ACTIVITY: Print the lines in the listing below starting at the line with "shout about this." and ending at the line with "James Dixon takes", both included. Reproduce them exactly and omit every picture.

[[ EXCERPTED DATA, beginning ]]

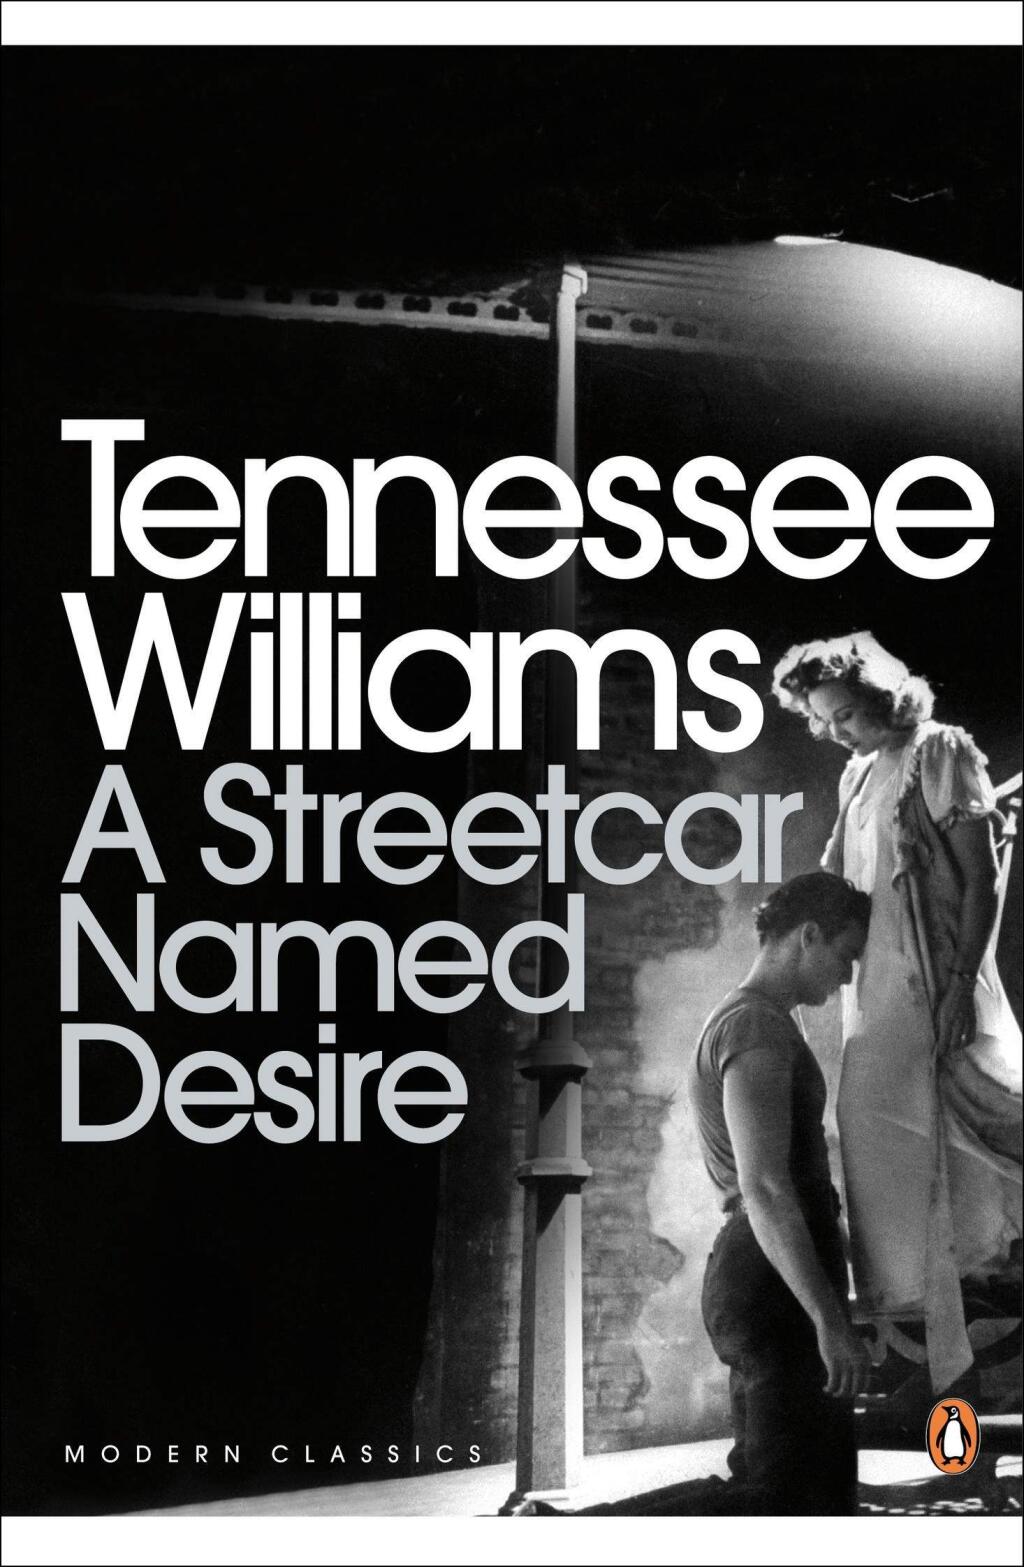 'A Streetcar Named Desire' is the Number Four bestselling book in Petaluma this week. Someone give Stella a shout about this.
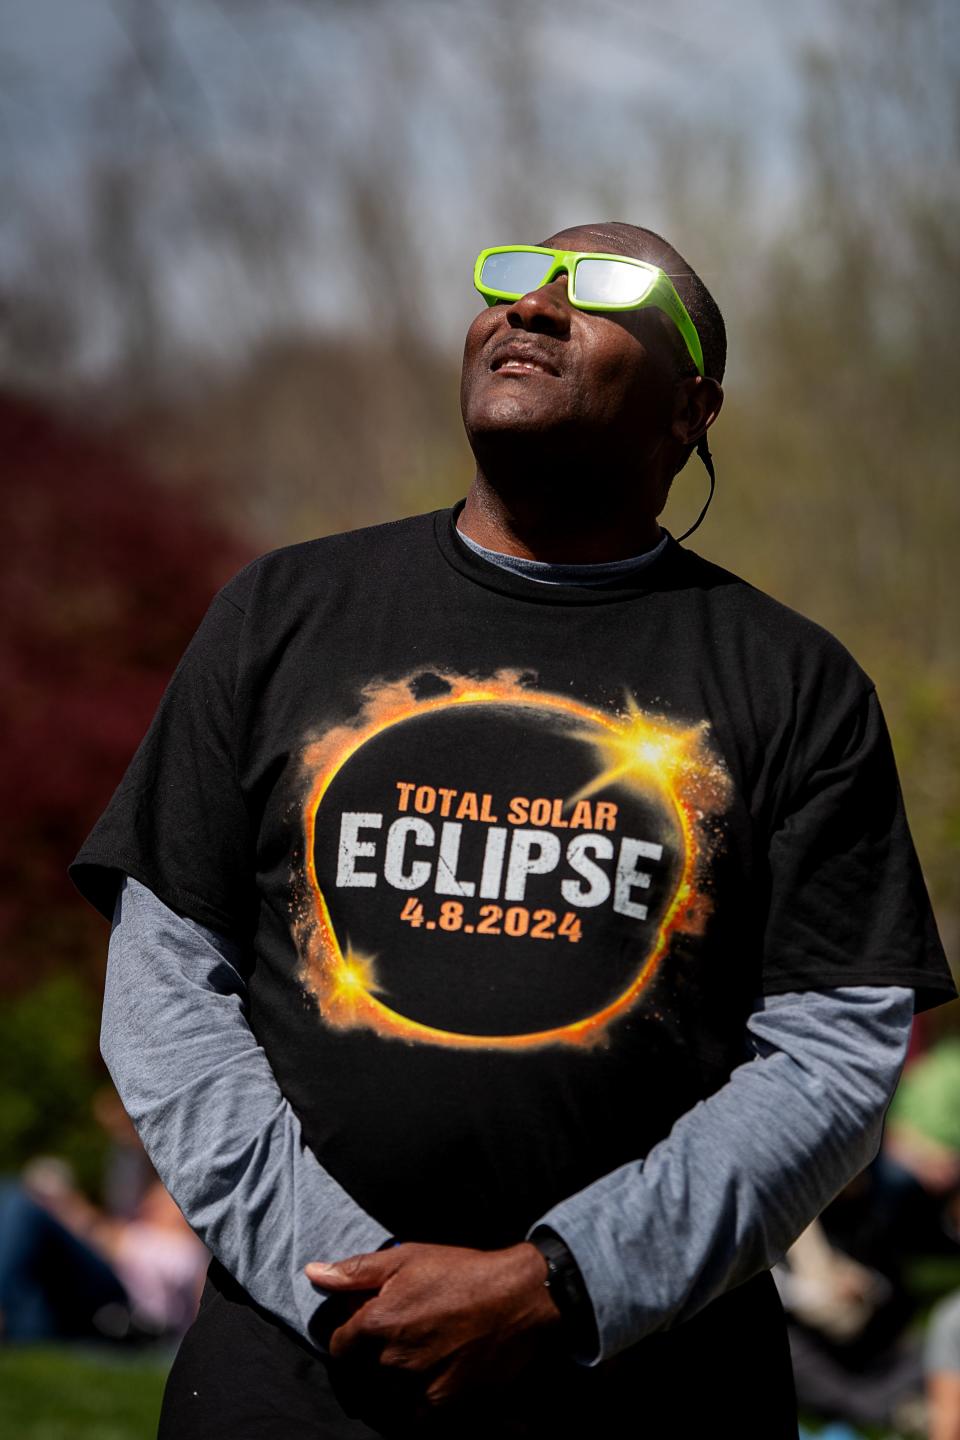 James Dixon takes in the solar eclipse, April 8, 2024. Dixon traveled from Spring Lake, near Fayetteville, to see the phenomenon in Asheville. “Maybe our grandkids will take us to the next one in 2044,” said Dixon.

[[ EXCERPTED DATA, end ]]
[[ EXCERPTED DATA, beginning ]]

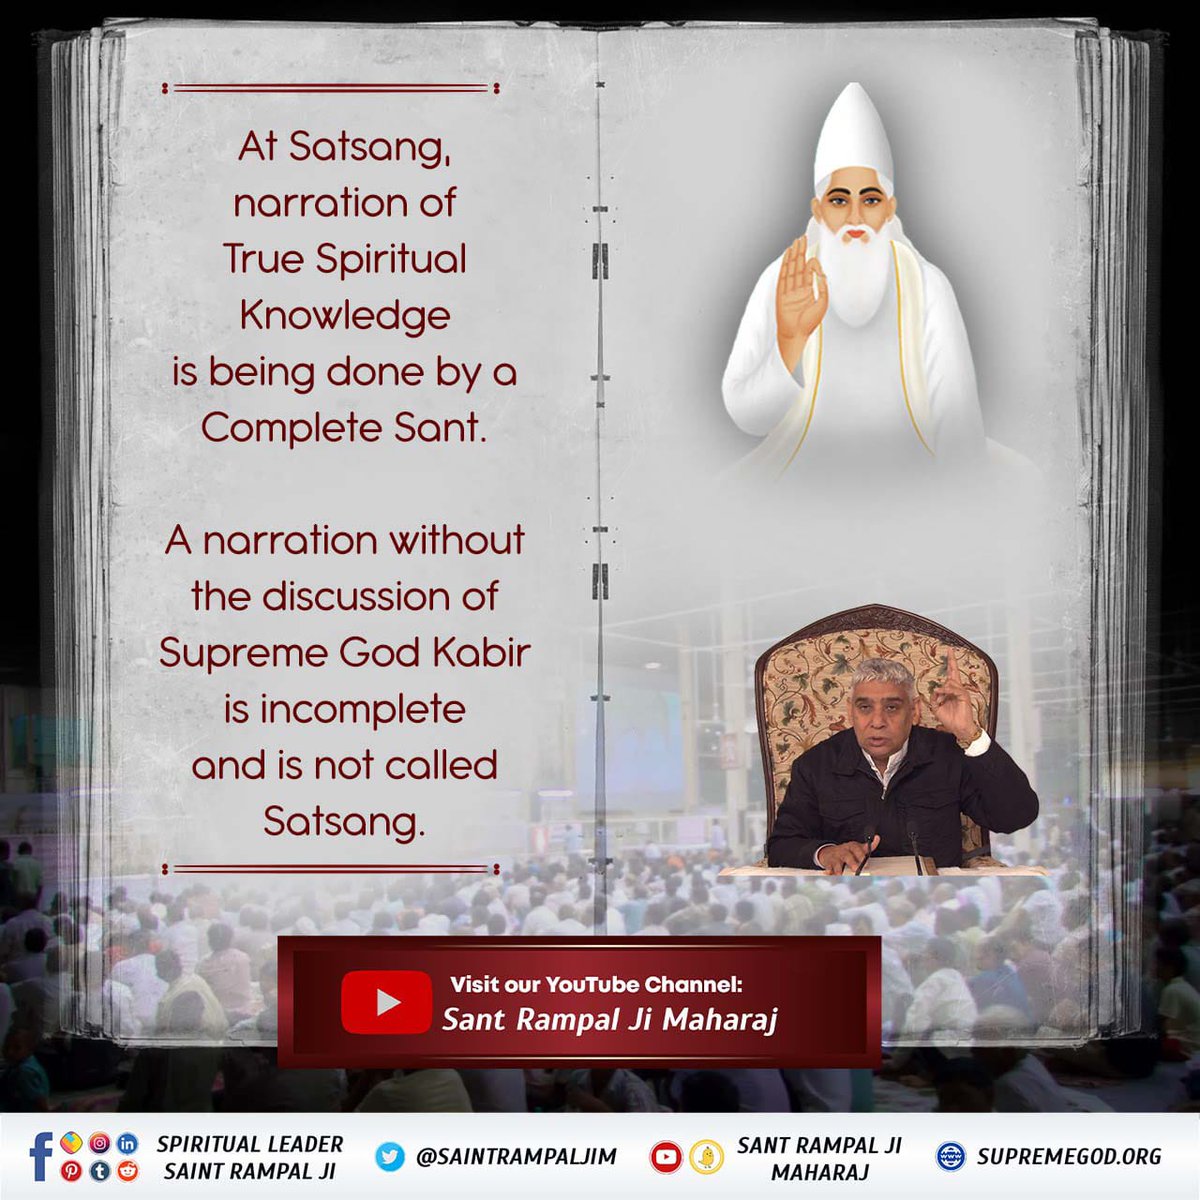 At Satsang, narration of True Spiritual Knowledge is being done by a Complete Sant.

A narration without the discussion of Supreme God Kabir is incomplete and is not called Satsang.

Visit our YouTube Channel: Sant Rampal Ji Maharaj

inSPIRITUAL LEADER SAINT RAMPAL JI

[[ EXCERPTED DATA, end ]]

WRITTEN REPLY:
 'A Streetcar Named Desire' is the Number Four bestselling book in Petaluma this week. Someone give Stella a shout about this.
 James Dixon takes in the solar eclipse, April 8, 2024. Dixon traveled from Spring Lake, near Fayetteville, to see the phenomenon in Asheville. “Maybe our grandkids will take us to the next one in 2044,” said Dixon.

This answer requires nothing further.